Cleverly combining artificial and human intelligence leads to improved prevention of psychosis in young patients
Scientists from the Max Planck Institute of Psychiatry, led by Nikolaos Koutsouleris, combined psychiatric assessments with machine-learning models that analyse clinical and biological data. Although psychiatrists make very accurate predictions about positive disease outcomes, they might underestimate the frequency of adverse cases that lead to relapses. The algorithmic pattern recognition helps physicians to better predict the course of disease.
The results of the study, published in the journal JAMA Psychiatry, show that it is the combination of artificial and human intelligence that optimizes the prediction of mental illness. "This algorithm enables us to improve the prevention of psychosis, especially in young patients at high risk or with emerging depression, and to intervene in a more targeted and well-timed manner" explains Koutsouleris.

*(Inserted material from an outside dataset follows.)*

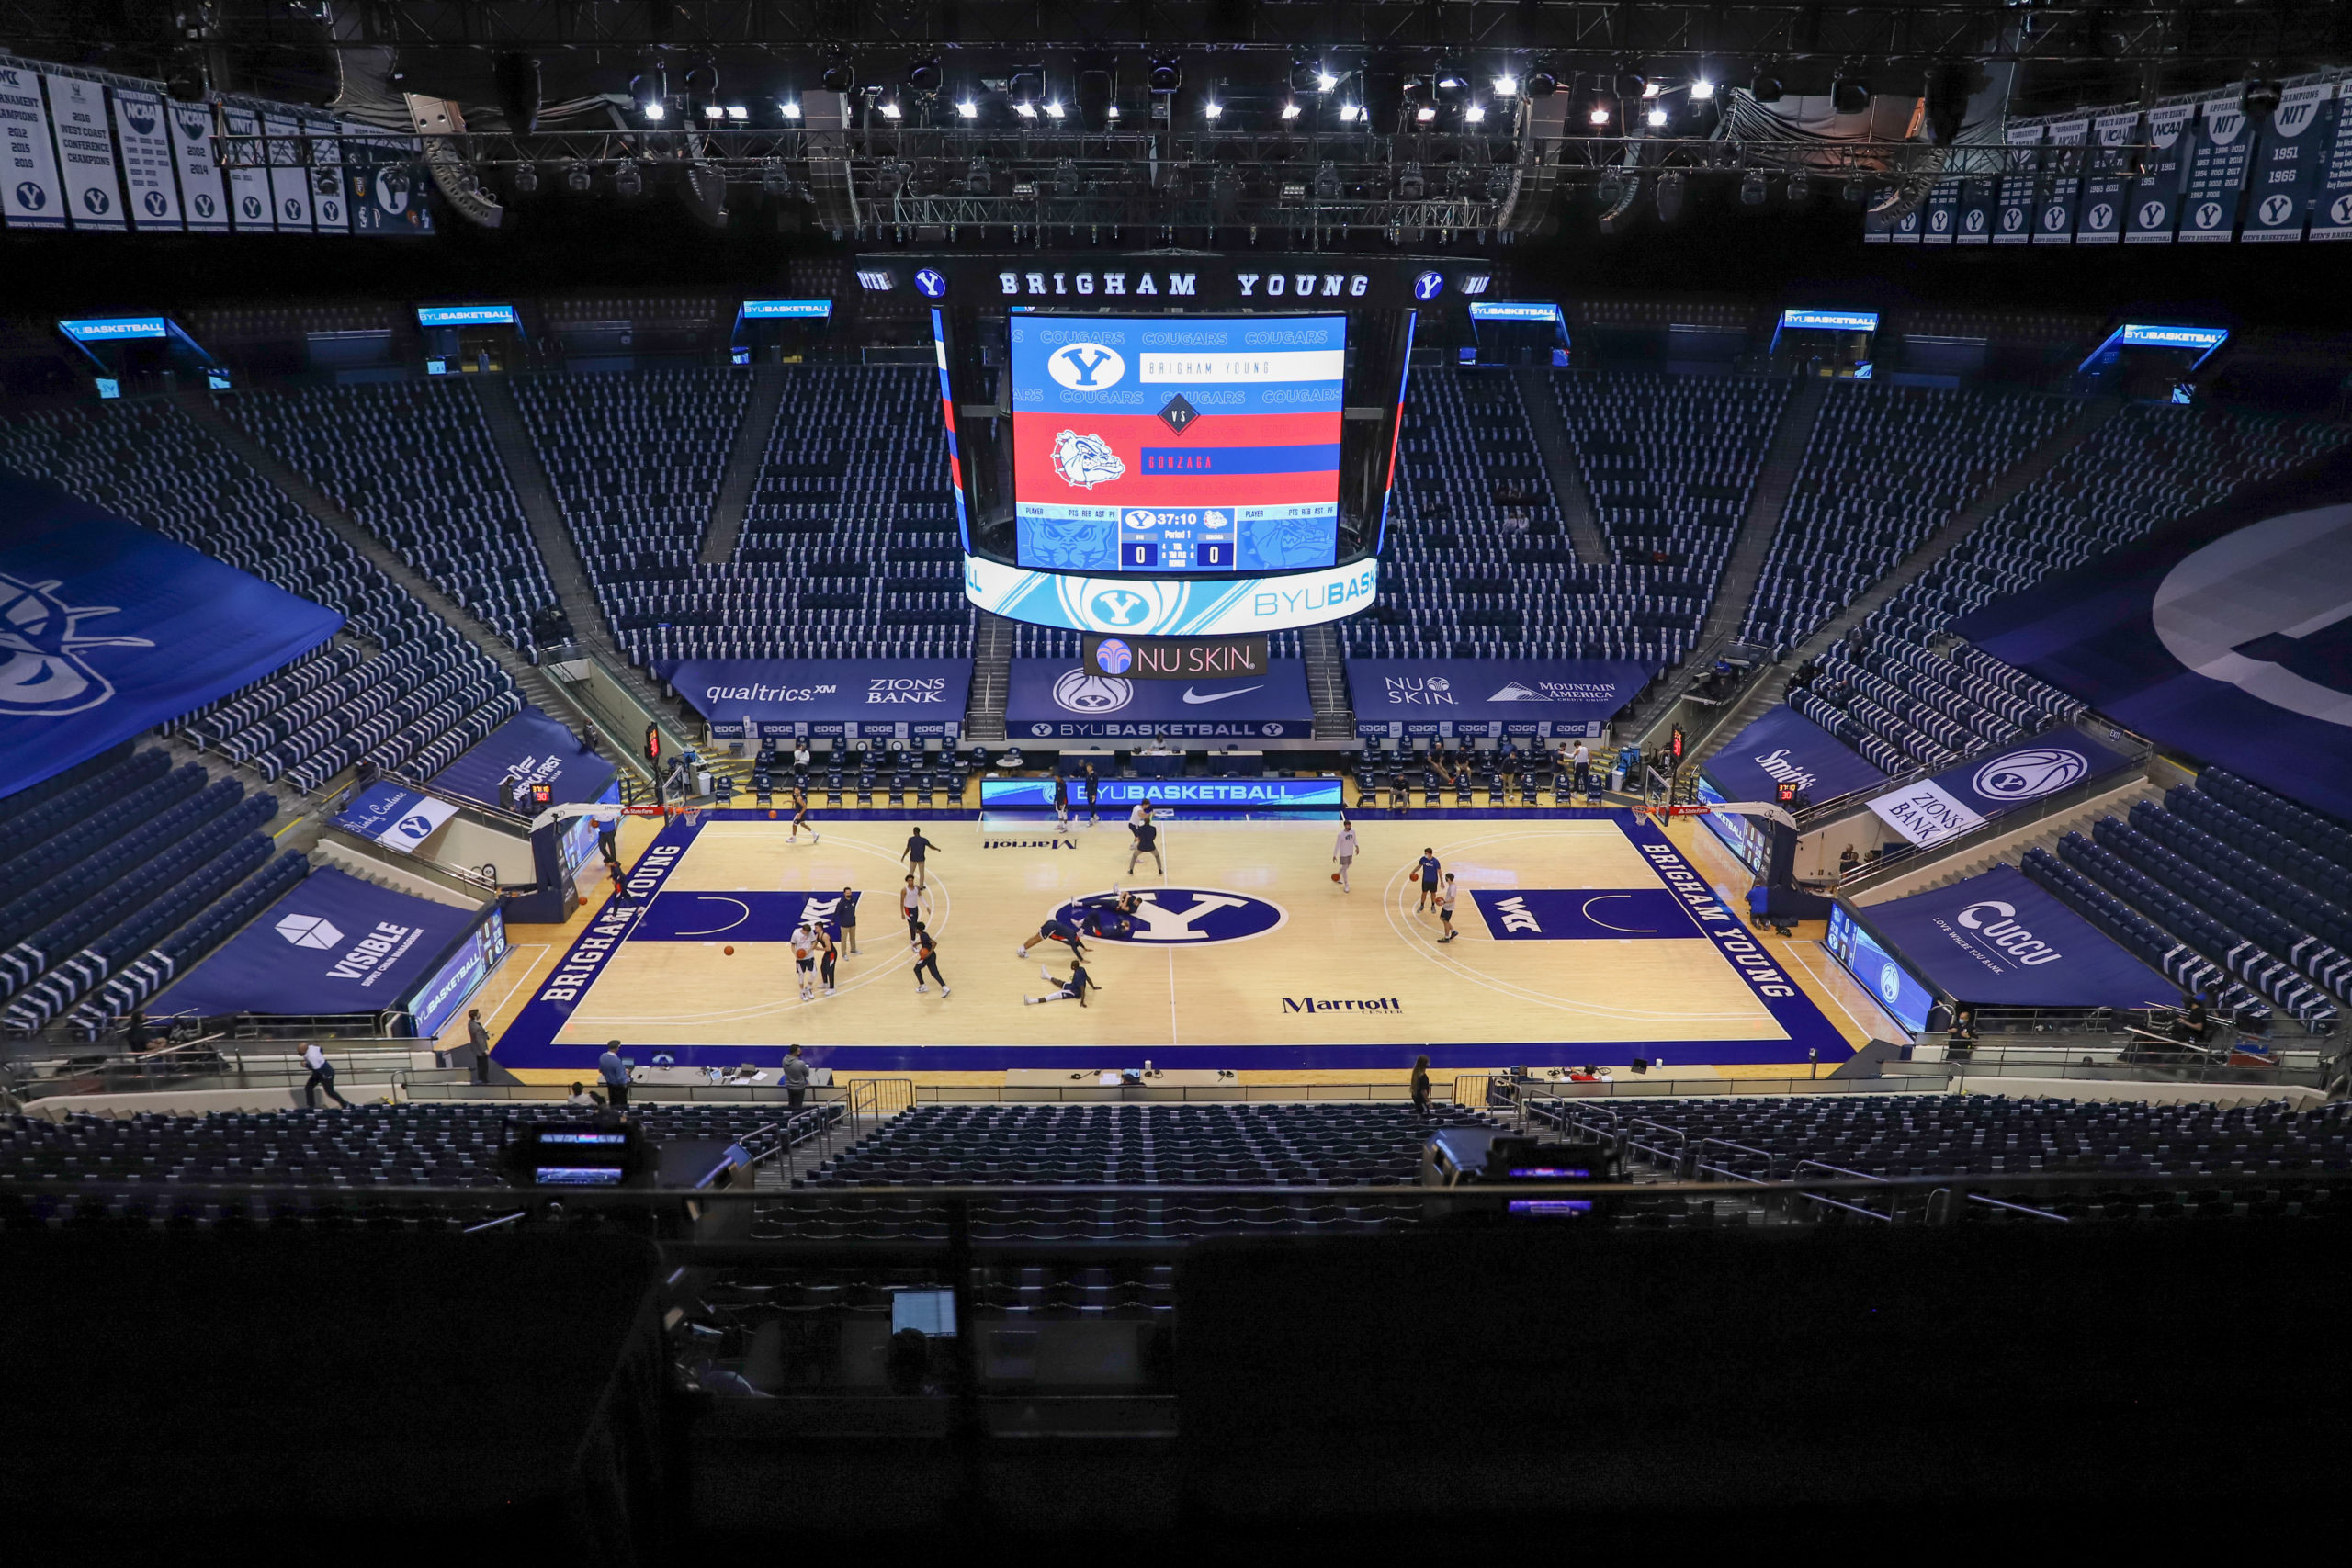 BYU men's basketball allowing fans at Marriott Center for first time
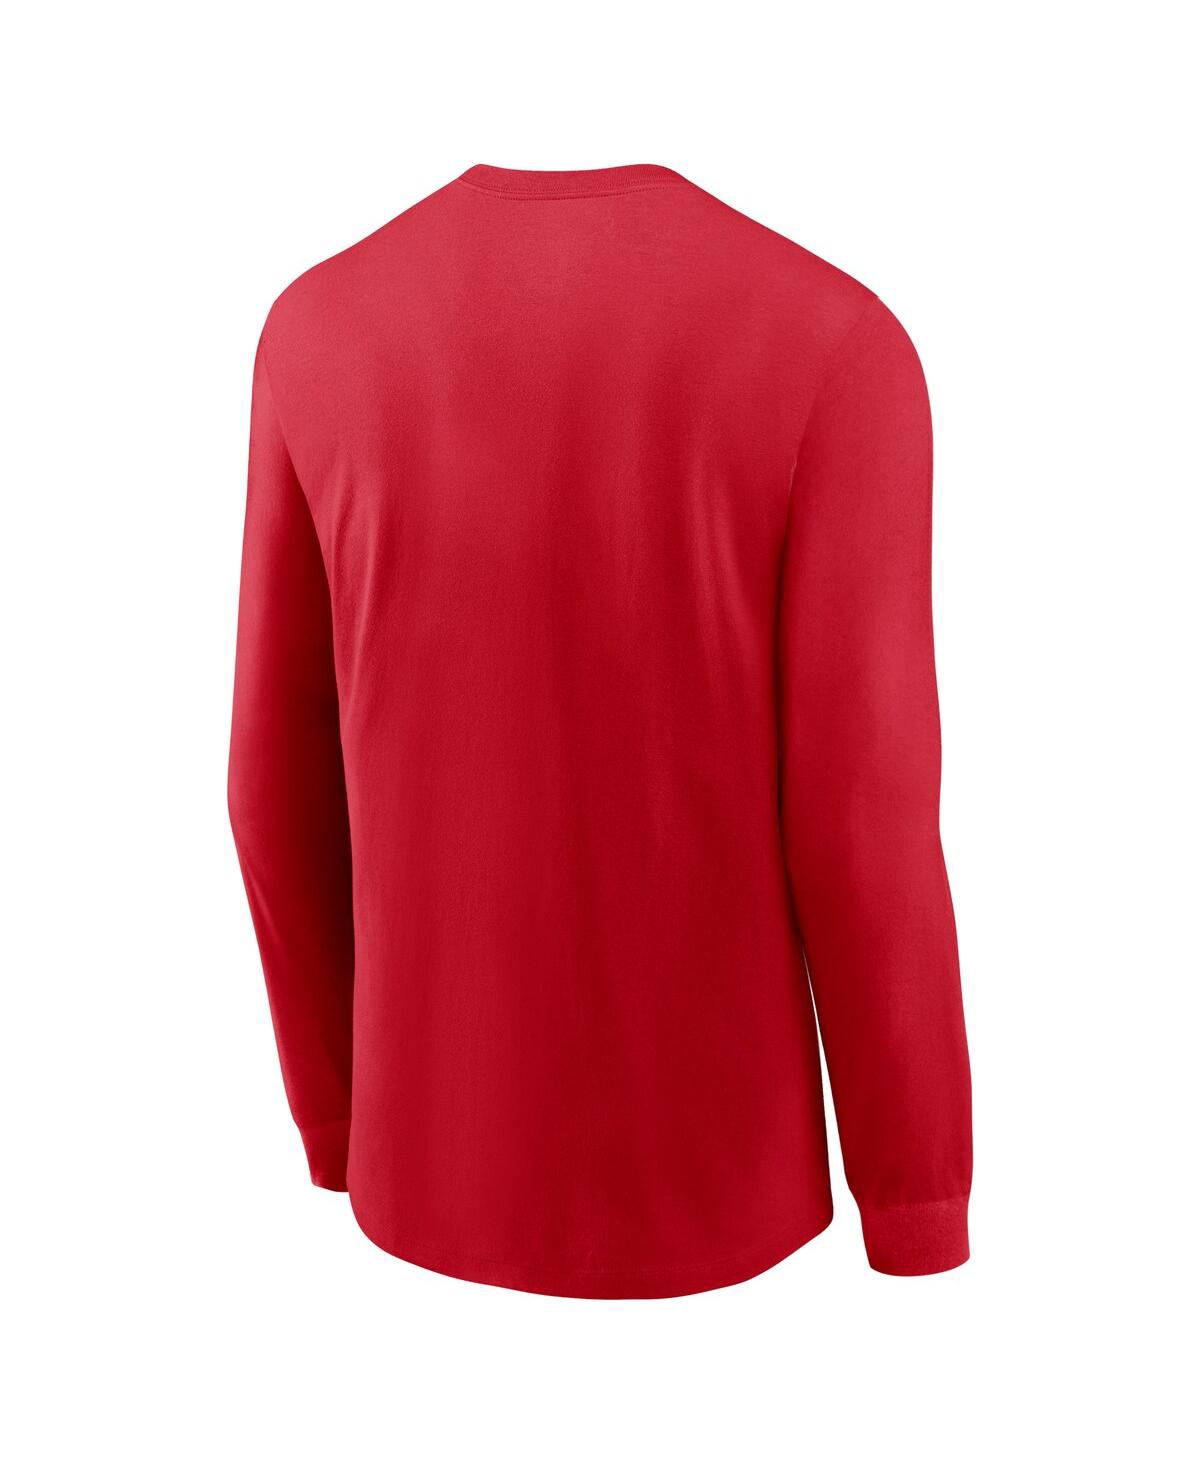 Shop Nike Men's  Red St. Louis Cardinals Repeater Long Sleeve T-shirt

The algorithm does not replace treatment by medical professionals; rather, it assists decision making and provides recommendations as to whether to conduct further examinations on an individual basis. Using the algorithm, practitioners can identify at an early stage the patients that need therapeutic intervention and those who do not.
"The results of our study could help drive a reciprocal and interactive process of clinical validation and improve prognostic tools in real-world screening services," Koutsouleris summarizes.